A hollow metallic sphere of radius 20cm surrounds a concentric metallic sphere of radius 5cm. The space between the two sphere is filled with a nonmetallic material. The inner and outer sphere are maintained at `50^(@)C` and `10^(@)C` respectively and it is found that 100J of heat passes from the inner sphere to the outer sphere per second. Find the thermal conductivity of the material between the sphere.

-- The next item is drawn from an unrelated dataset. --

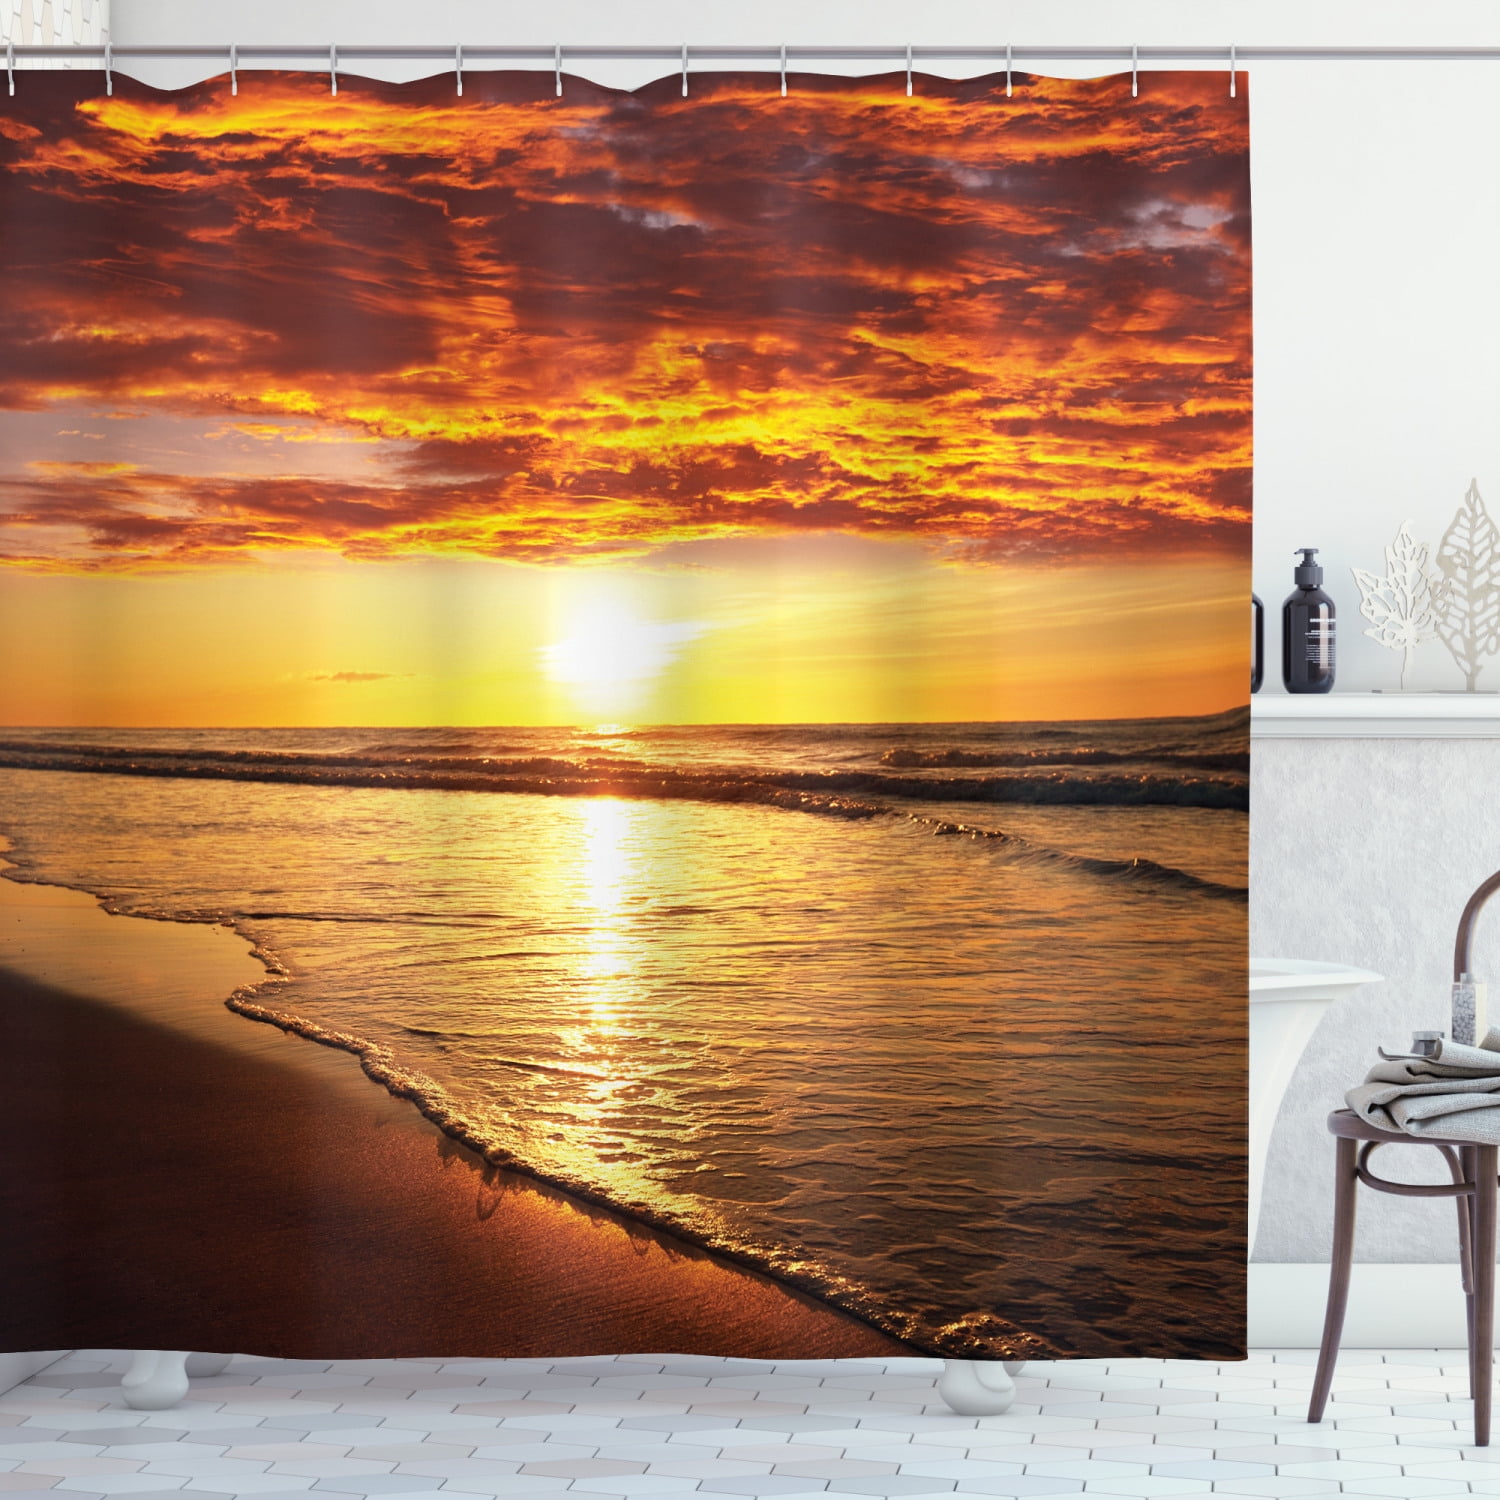 3D Blockout Photo Mural Printing Curtain Fabric Window Panels Ocean Waves Sunset

To solve the problem, we need to find the thermal conductivity of the non-metallic material between the two concentric spheres. We will use the formula derived from Fourier's law of heat conduction for spherical coordinates. ### Step-by-Step Solution 1. **Identify the Given Values:** - Inner radius \( R_1 = 5 \, \text{cm} = 0.05 \, \text{m} \) - Outer radius \( R_2 = 20 \, \text{cm} = 0.20 \, \text{m} \) - Temperature of the inner sphere \( T_1 = 50 \, \text{°C} \) - Temperature of the outer sphere \( T_2 = 10 \, \text{°C} \) - Heat transfer rate \( \Delta Q = 100 \, \text{J/s} \) 2. **Use the Heat Transfer Formula for Spheres:** The formula for the heat transfer rate through a spherical shell is given by: \[ \Delta Q = \frac{4 \pi k R_1 R_2 (T_1 - T_2)}{R_2 - R_1} \] where \( k \) is the thermal conductivity we need to find. 3. **Substitute the Known Values:** Substitute the known values into the equation: \[ 100 = \frac{4 \pi k (0.05)(0.20)(50 - 10)}{0.20 - 0.05} \] 4. **Simplify the Equation:** Calculate the temperature difference: \[ T_1 - T_2 = 50 - 10 = 40 \, \text{°C} \] The denominator \( R_2 - R_1 \) becomes: \[ 0.20 - 0.05 = 0.15 \, \text{m} \] Thus, the equation simplifies to: \[ 100 = \frac{4 \pi k (0.05)(0.20)(40)}{0.15} \] 5. **Rearranging the Equation:** Rearranging to solve for \( k \): \[ k = \frac{100 \times 0.15}{4 \pi (0.05)(0.20)(40)} \] 6. **Calculate \( k \):** Now calculate the value: \[ k = \frac{15}{4 \pi (0.05)(0.20)(40)} \] First calculate the denominator: \[ 4 \pi (0.05)(0.20)(40) = 4 \times 3.14 \times 0.05 \times 0.20 \times 40 \] \[ = 4 \times 3.14 \times 0.01 \times 40 = 4 \times 3.14 \times 0.4 = 5.024 \] Now substituting back: \[ k = \frac{15}{5.024} \approx 2.98 \, \text{W/m°C} \] 7. **Final Result:** Rounding off, we find: \[ k \approx 3 \, \text{W/m°C} \] ### Final Answer: The thermal conductivity of the non-metallic material is approximately \( 3 \, \text{W/m°C} \).